Neuer Velo-Trend Smarte Helme sind der Renner – aber sie haben einen Haken
Ein Kopfschutz mit integriertem Front- und Bremslicht sowie Richtungsblinker boomt. Die Beratungsstelle für Unfallverhütung warnt jedoch.
Vor allem in der Dämmerung und nachts fallen sie auf: futuristisch anmutende Fahrerinnen und Fahrer mit der neusten Generation von leuchtenden Velohelmen. Diese smarten Kopfbedeckungen blinken bei einem Richtungswechsel, zeigen den Bremsvorgang mit einem roten LED-Licht an und sind drahtlos über Bluetooth oft auch mit dem Smartphone gekoppelt. So kann man über die integrierten Lautsprecher Musik hören oder über eingebaute Mikrofone telefonieren.
Vor allem die Anbindung ans Handy hat laut Martin Platter von Velosuisse, dem Verband der Schweizer Fahrradlieferanten, viel zum Boom dieser Fahrradhelme beigetragen. Genaue Verkaufszahlen kann Platter nicht nennen: «Aber die Händler berichten uns von einer klar gesteigerten Nachfrage.» Diese führt er auch darauf zurück, dass bei den E-Bikes seit dem 1. April dieses Jahres eine Lichtpflicht eingeführt wurde. Oft verfügen solche Velohelme neben dem Bremslicht auch über ein Frontlicht.
«Smarte Velohelme ersetzen das Handzeichen oder den Richtungsblinker nicht.»
Dieses Frontlicht wird von der Beratungsstelle für Unfallverhütung (BfU) allerdings kritisch beurteilt und nicht explizit empfohlen. Man könne es verwenden, so BfU-Sprecher Marc Kipfer, aber laut dem Strassenverkehrsgesetz dürften dadurch andere Verkehrsteilnehmer nicht geblendet werden. Auch bei den Richtungsblinkern verweist Kipfer auf eine wichtige Einschränkung: «Diese ersetzen das Handzeichen oder den fix montierten Richtungsblinker am Velo oder E-Bike nicht.» Deshalb erachtet die Beratungsstelle smarte Velohelme lediglich als eine sinnvolle Ergänzung zu den fix installierten Brems- und Blinkelementen.

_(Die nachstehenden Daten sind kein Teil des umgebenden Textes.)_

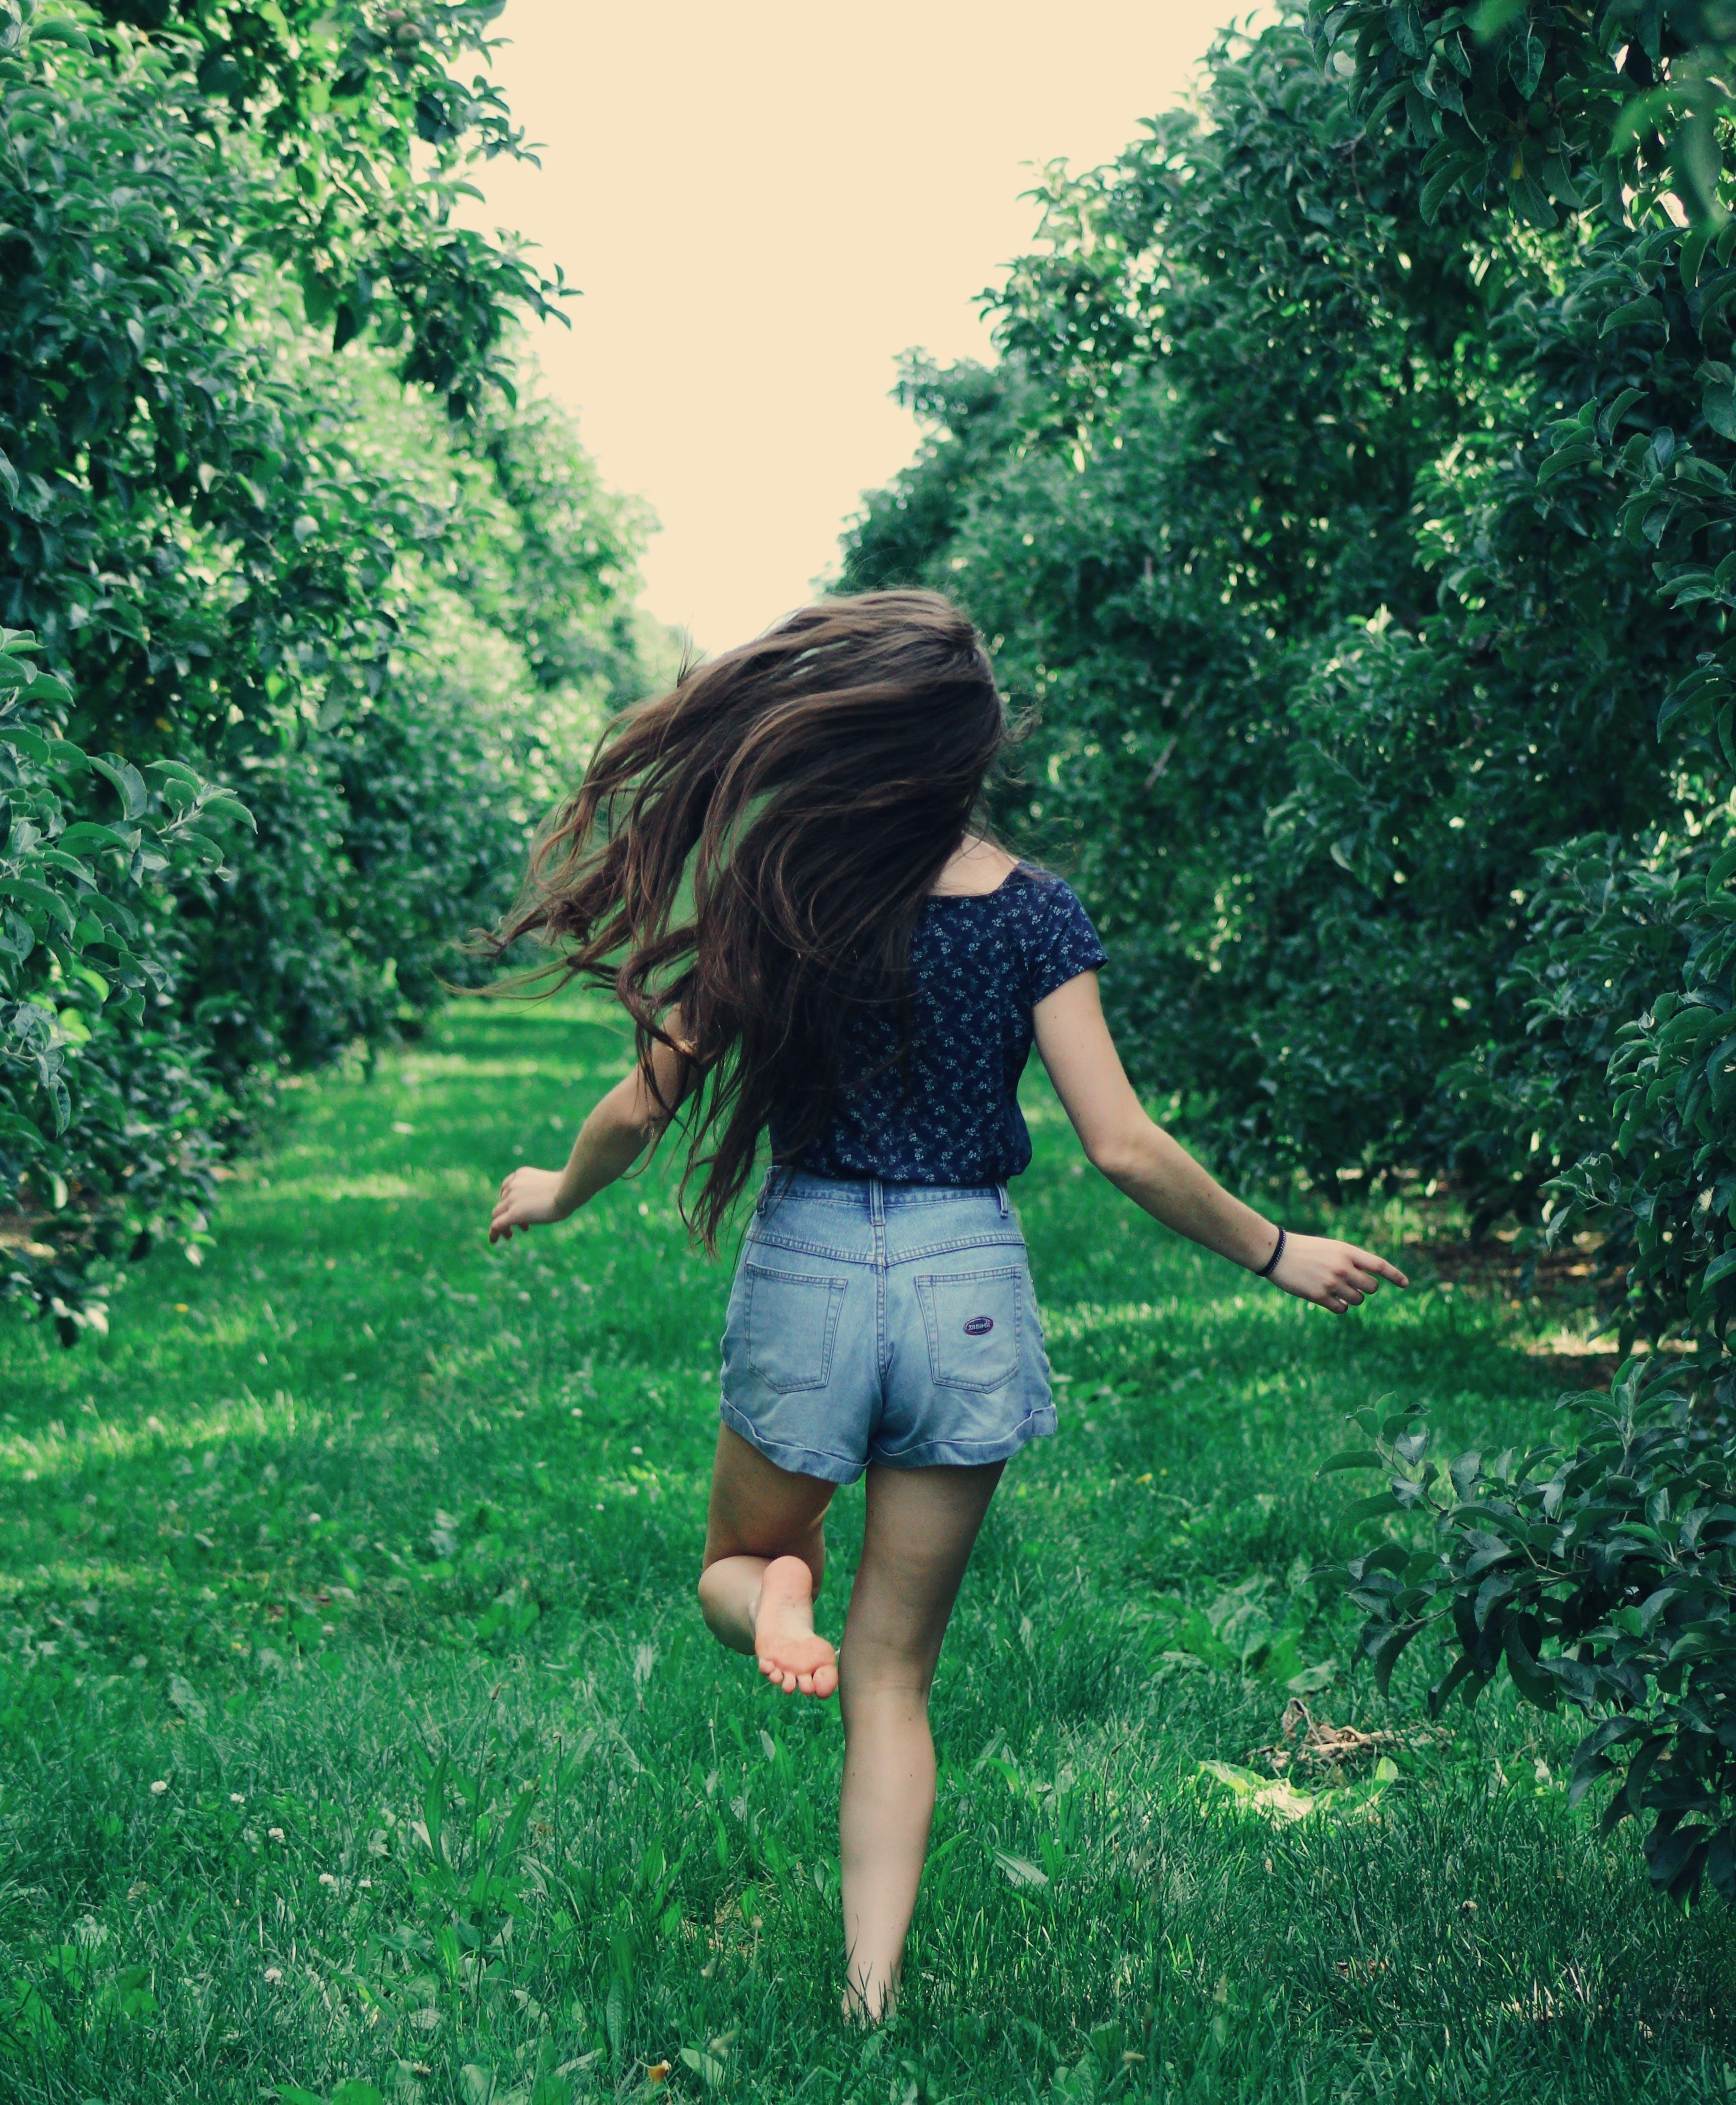 Photo of a Woman Running on Green Grass

Noch gibt es keine Studien über die Wirksamkeit solcher smarten Velohelme. Deshalb plant die BfU eine Erhebung zur Nutzung von Sichtbarkeitsprodukten bei Velo- und E-Bike-Fahrenden. Diese soll im Herbst beginnen und möglicherweise auch Lichtelemente an Helmen miteinbeziehen.
Am liebsten wäre es der Beratungsstelle, wenn generell mehr Velofahrende einen Helm tragen würden, ob nun smart oder weniger smart. In der Schweiz fährt nur etwas mehr als die Hälfte mit einem Helm, ein Obligatorium gibt es nur für E-Bike-Fahrende mit Velos, die für 45 Kilometer pro Stunde zugelassen sind. Für langsamere E-Bikes braucht es keinen Kopfschutz.

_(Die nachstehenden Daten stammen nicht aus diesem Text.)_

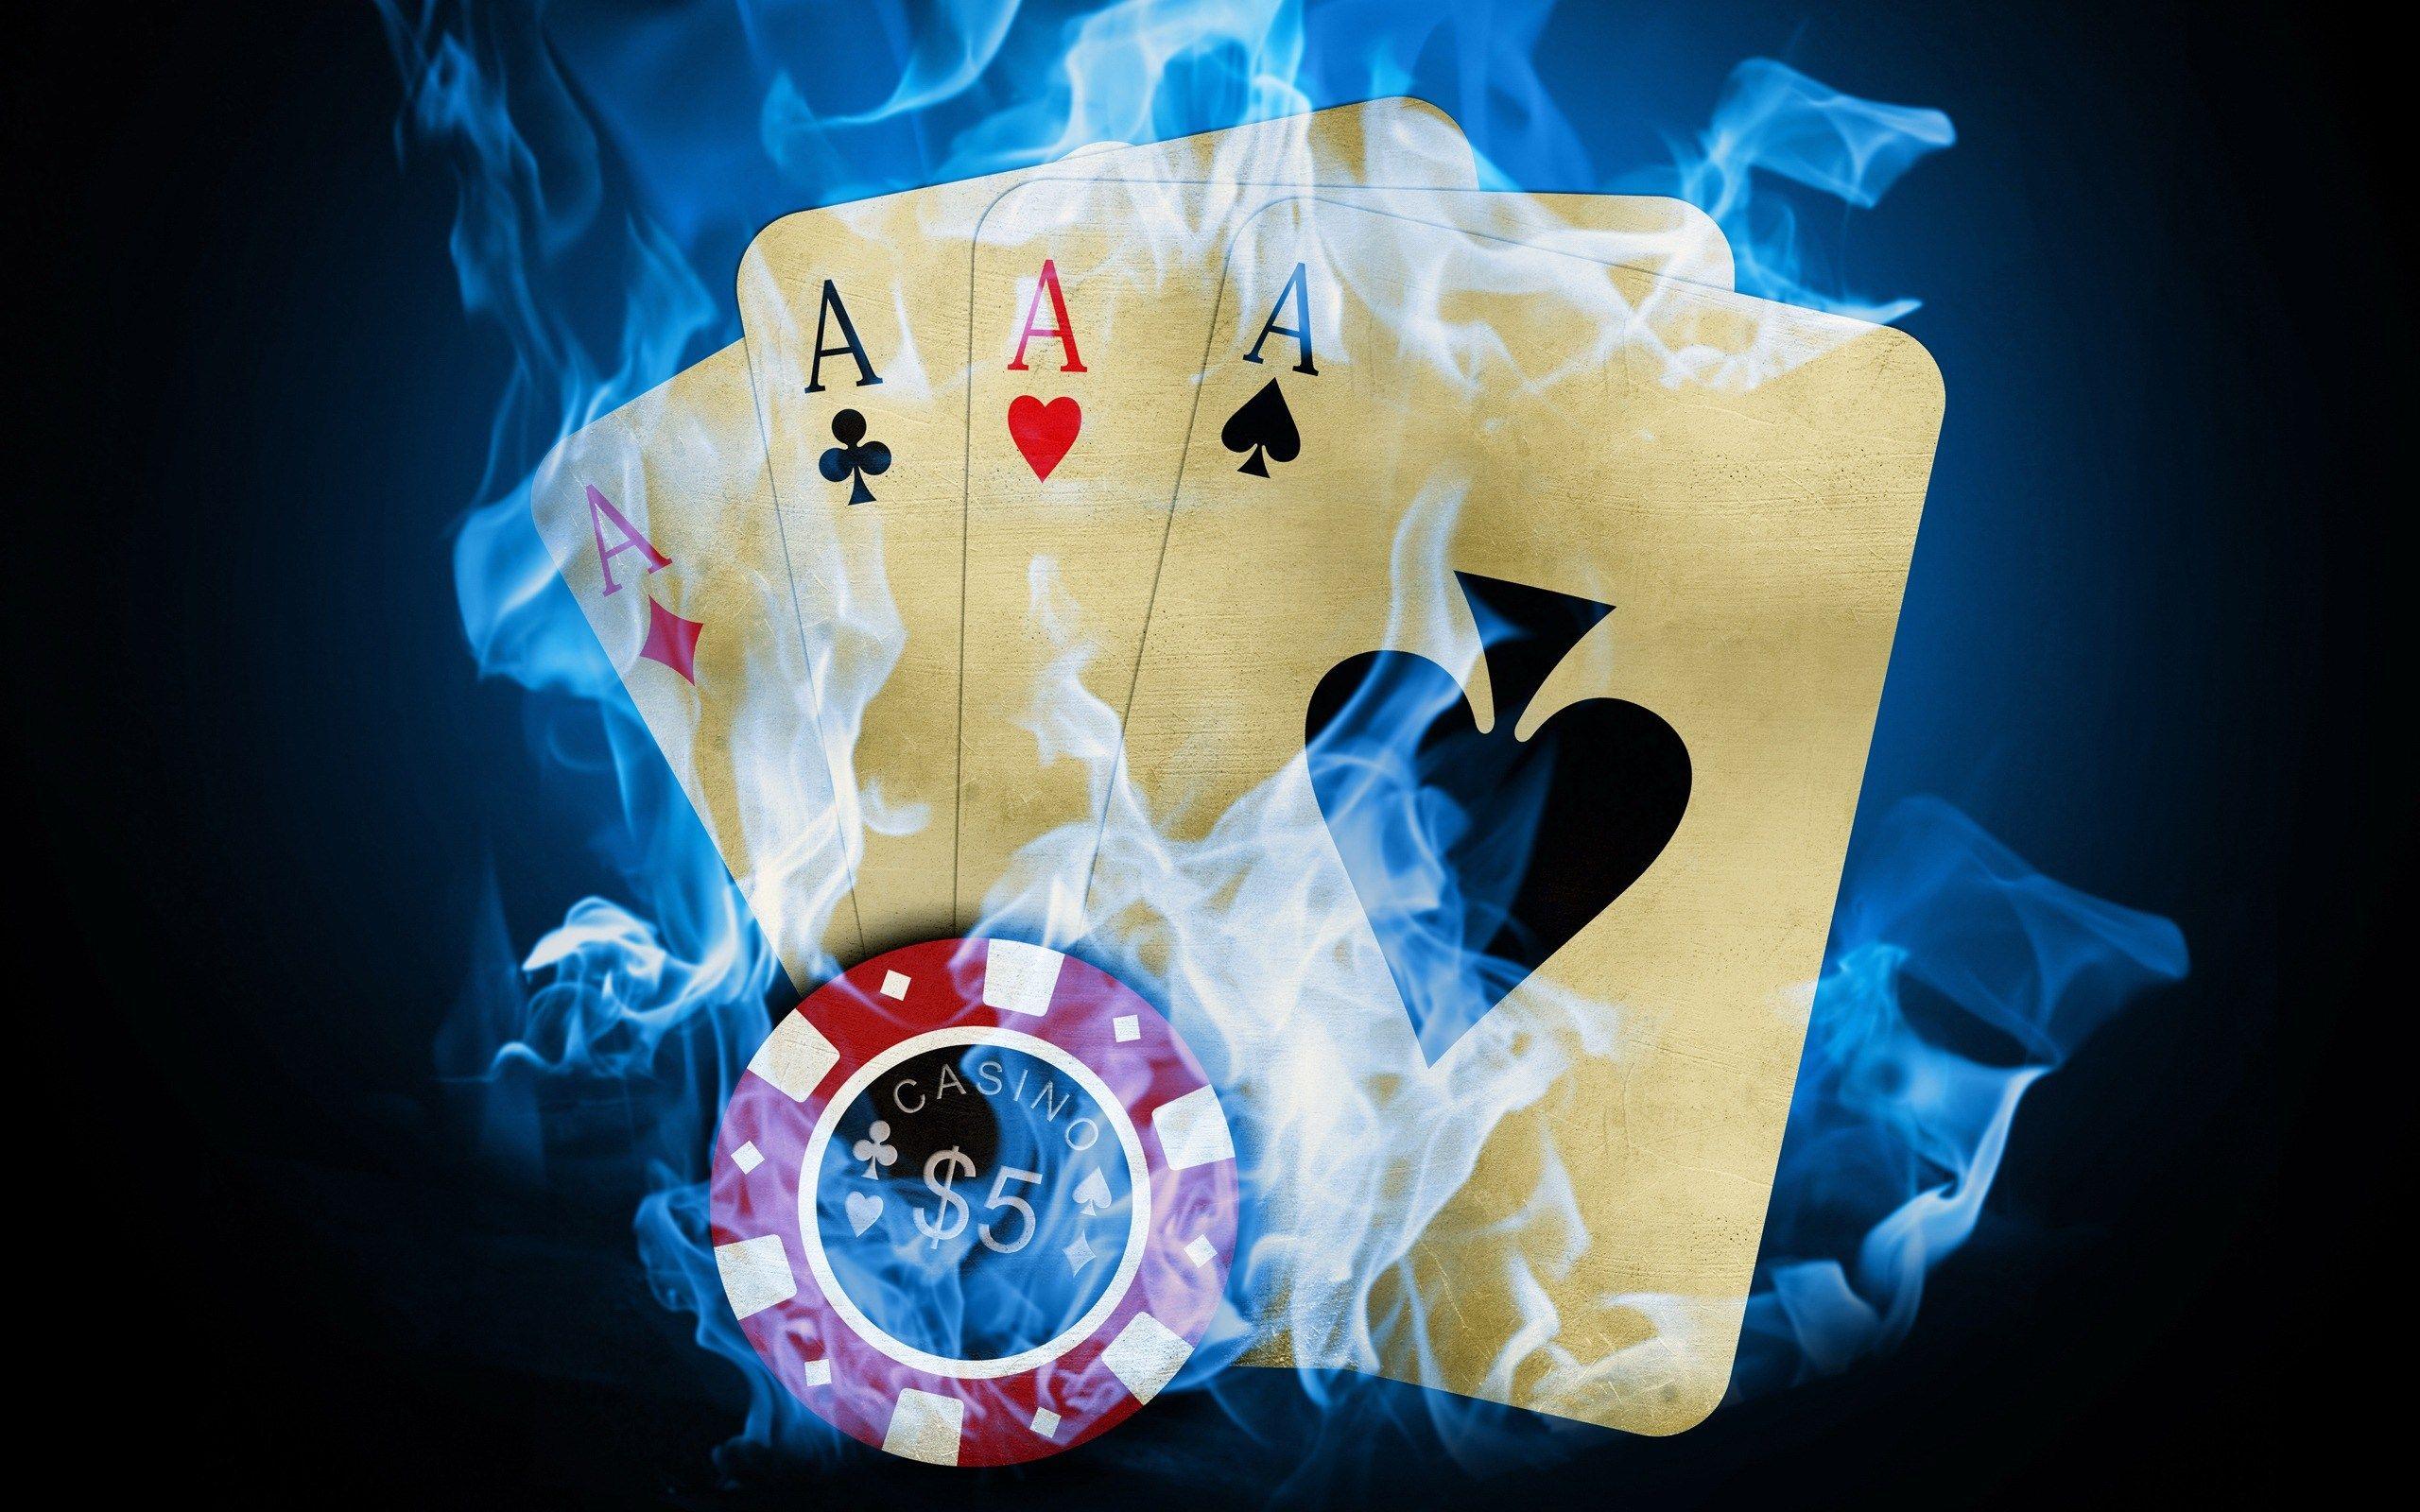 Pengenalan SeputarBandar poker online Idn Deposit Murah

Schutzwirkung von bis zu 50 Prozent
Vergeblich hat sich die BfU dafür eingesetzt, dass wenigstens Kinder dazu verpflichtet werden, einen Helm zu tragen. Denn rund ein Viertel der Kinder sind in der Schweiz auf dem Velo noch ohne Kopfschutz unterwegs. Doch das Parlament will keine Velohelmtragpflicht für Kinder und Jugendliche bis 16 Jahren. Die Politikerinnen und Politiker haben den entsprechenden Passus in der Sommersession definitiv aus den geplanten Anpassungen am Strassenverkehrsgesetz gestrichen – auch aufgrund des Widerstands der Veloverbände von Velosuisse bis hin zu Pro Velo Schweiz.
Unbestritten ist die positive Wirkung von Velohelmen: Zahlreiche Studien belegen, dass diese das Risiko für Kopfverletzungen senken, sofern sie passen und richtig angezogen sind. Metaanalysen berechneten eine Schutzwirkung eines Velohelms von 40 bis 50 Prozent. Unfälle mit Velos zählen zu den häufigsten Strassenverkehrsunfällen in der Schweiz, 82 Prozent davon sind Selbstunfälle und 18 Prozent Kollisionen. Insgesamt verunfallen jährlich rund 21’000 Velofahrende.